■ **Aim of the exercise**
Pictures aside, the data must be reproduced exactly.

■ **Information supplied**
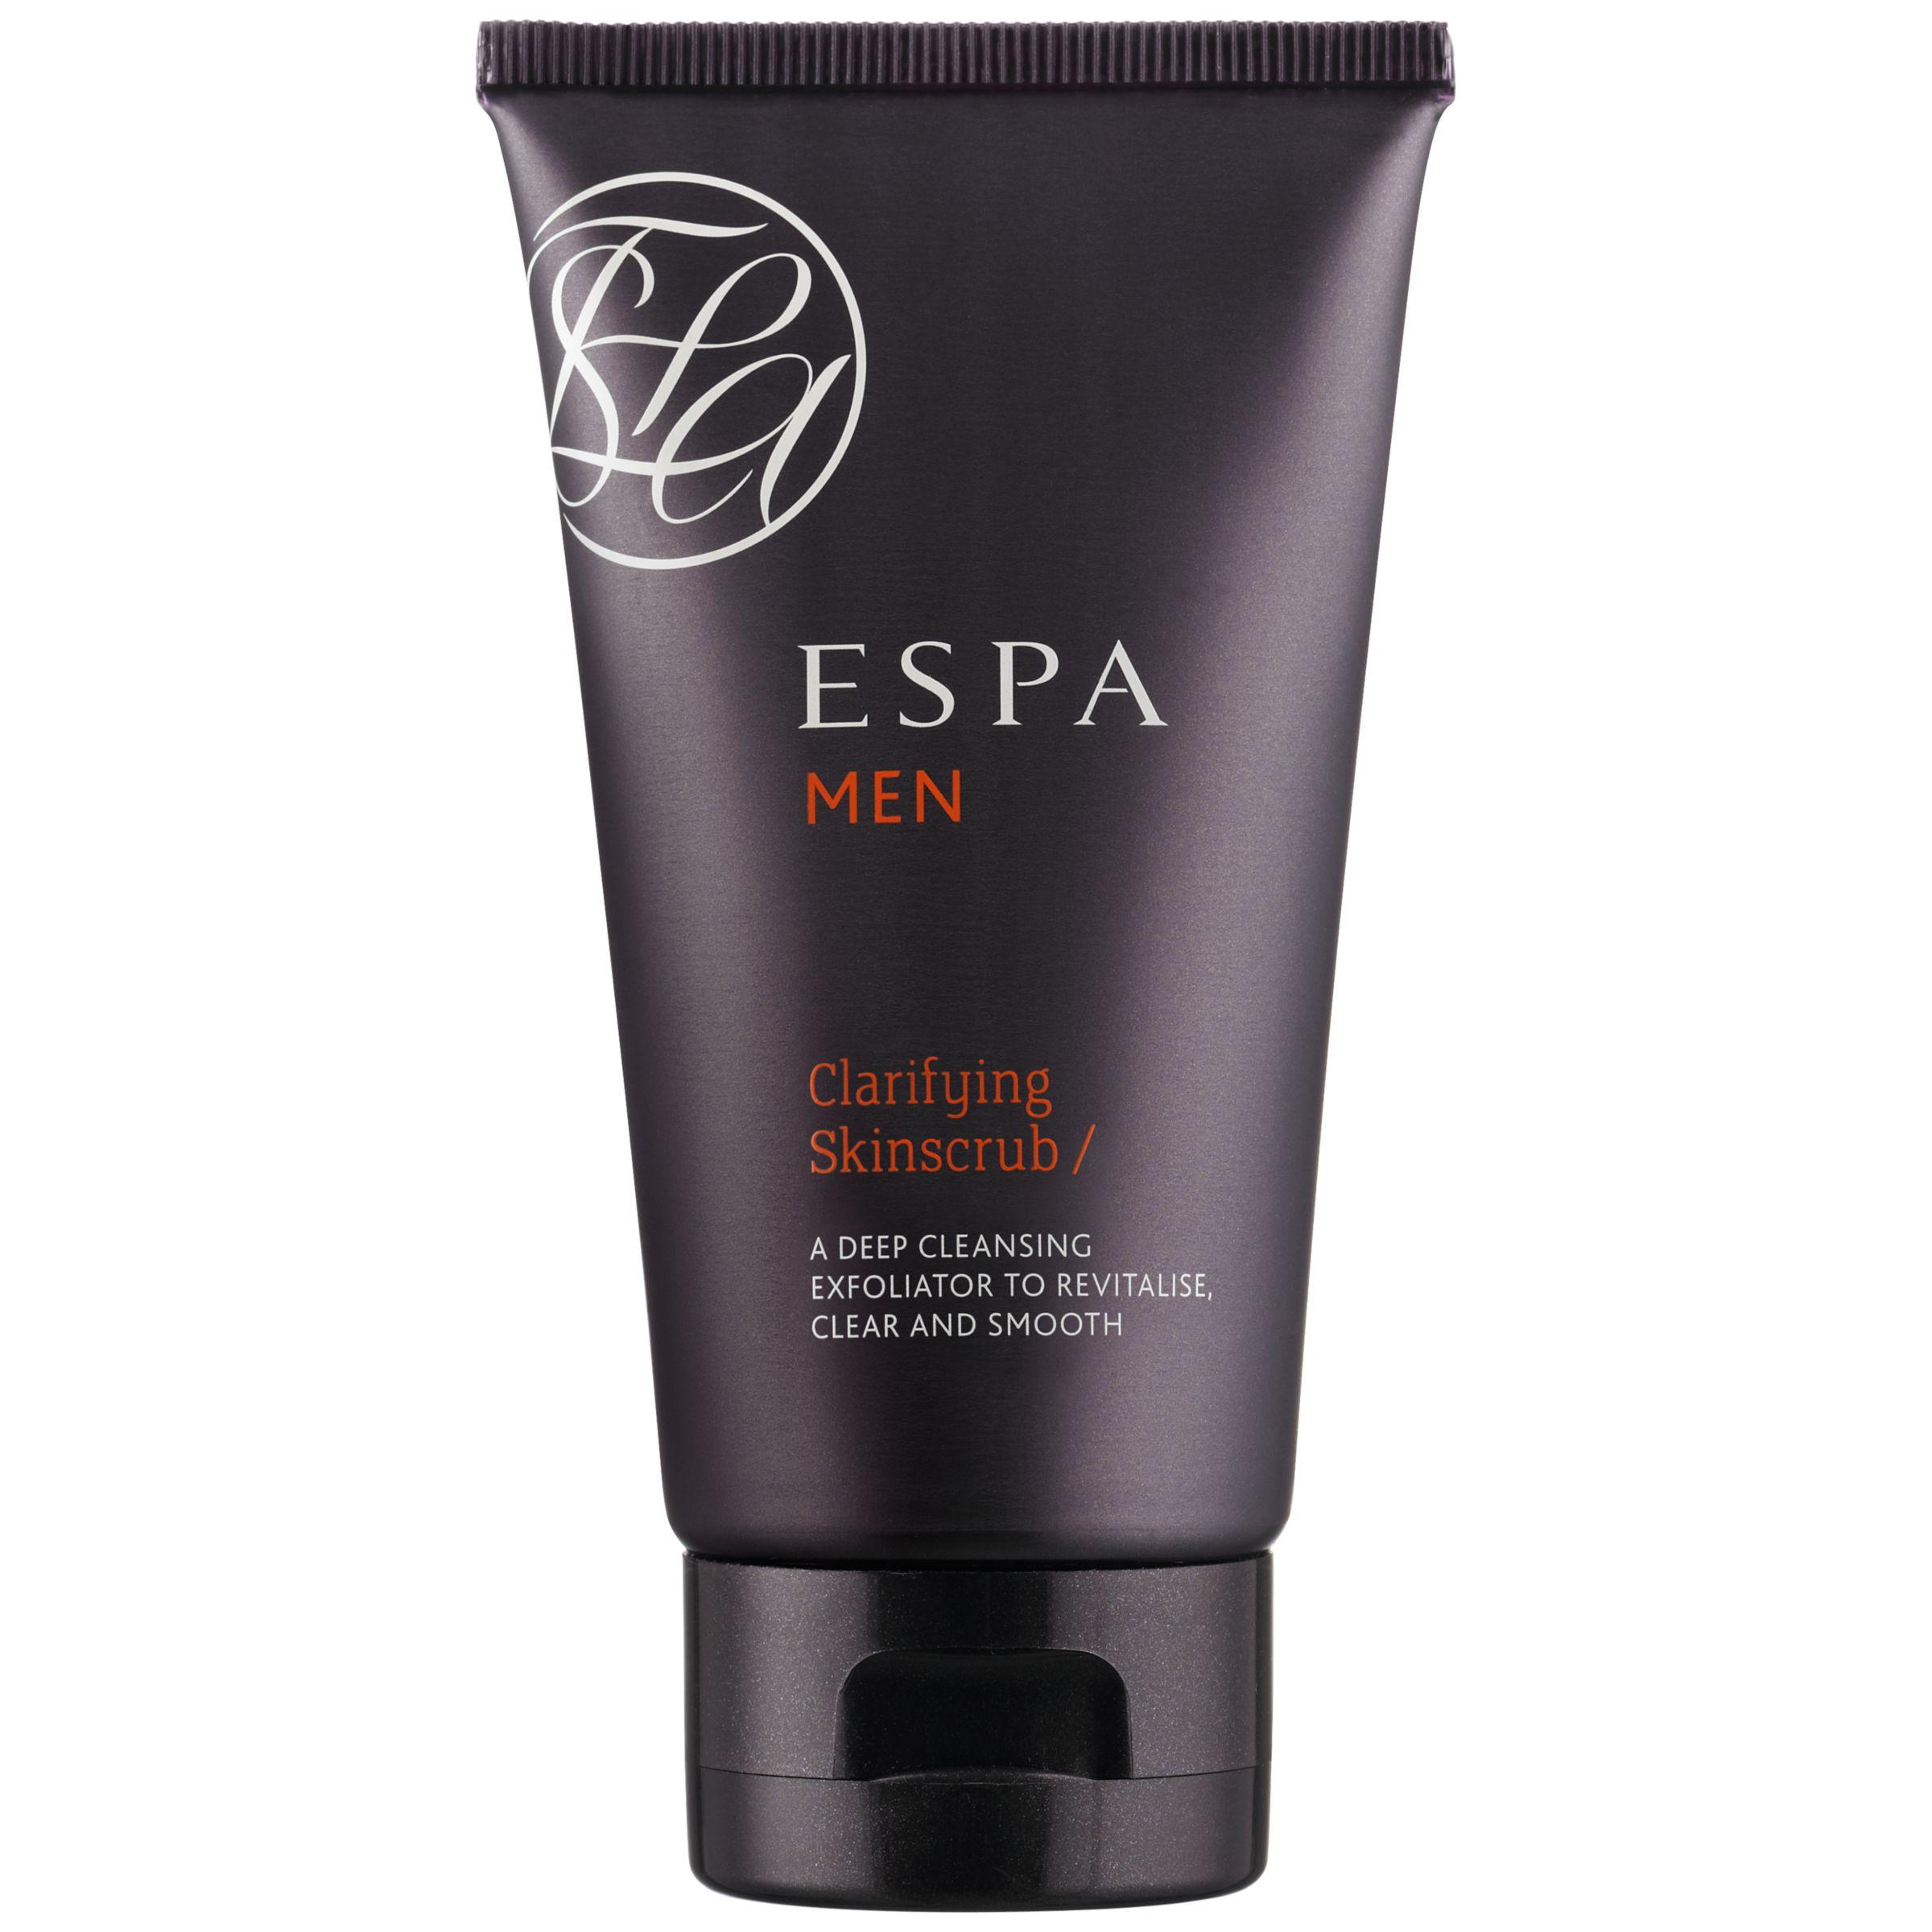 ESPA ESPA Men's Clarifying Skinscrub, 70ml
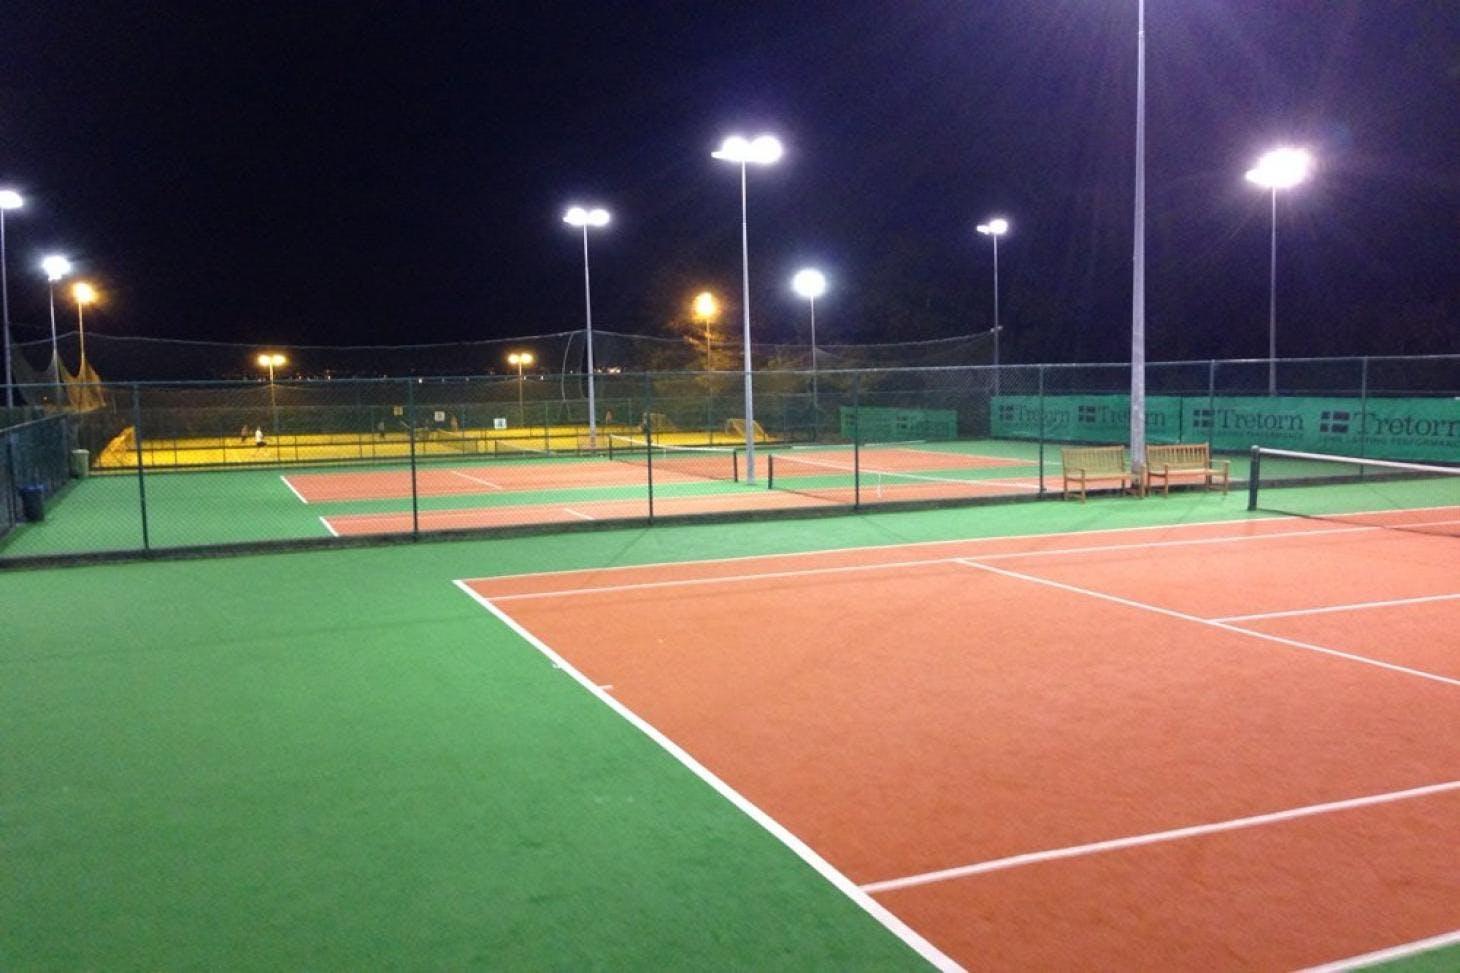 Portmarnock Sports & Leisure Club Outdoor | Astroturf tennis court
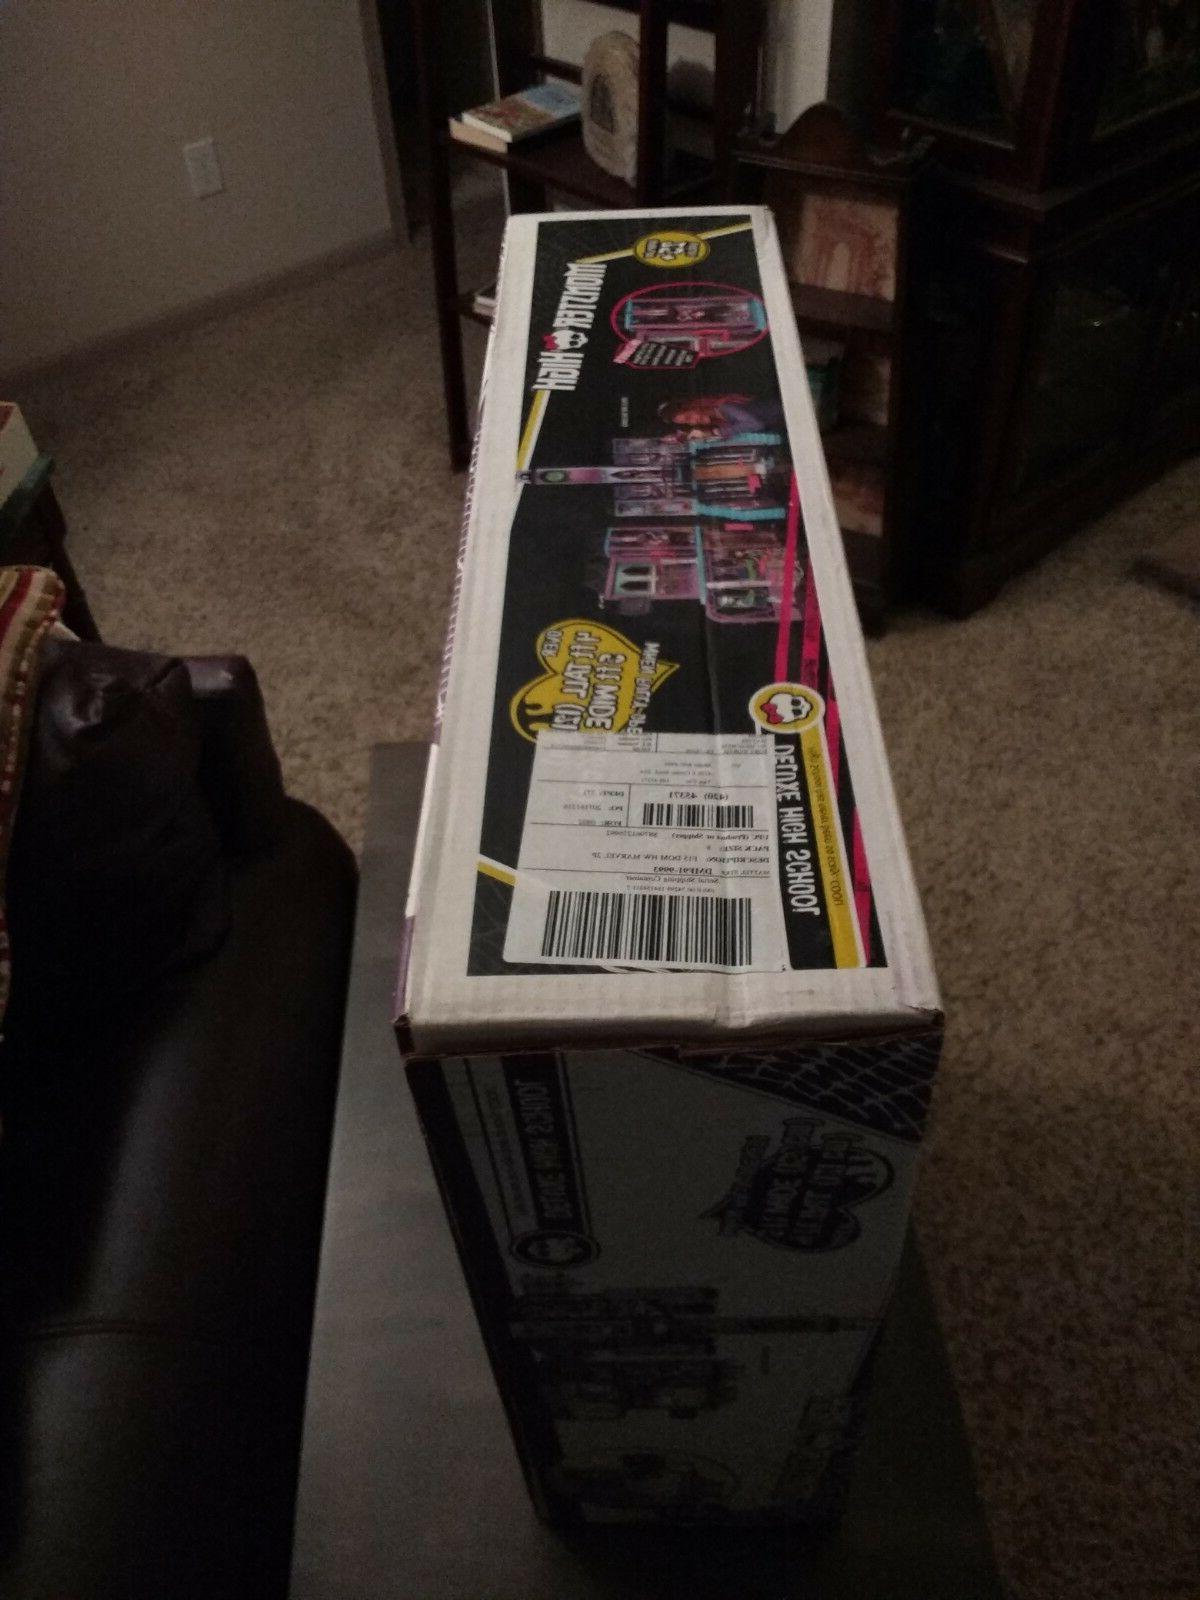 Mattel Monster Deluxe HS Playset Playhouse Deluxe Castle -

■ **Answer for the task**
 ESPA ESPA Men's Clarifying Skinscrub, 70ml
 Portmarnock Sports & Leisure Club Outdoor | Astroturf tennis court
 Mattel Monster Deluxe HS Playset Playhouse Deluxe Castle -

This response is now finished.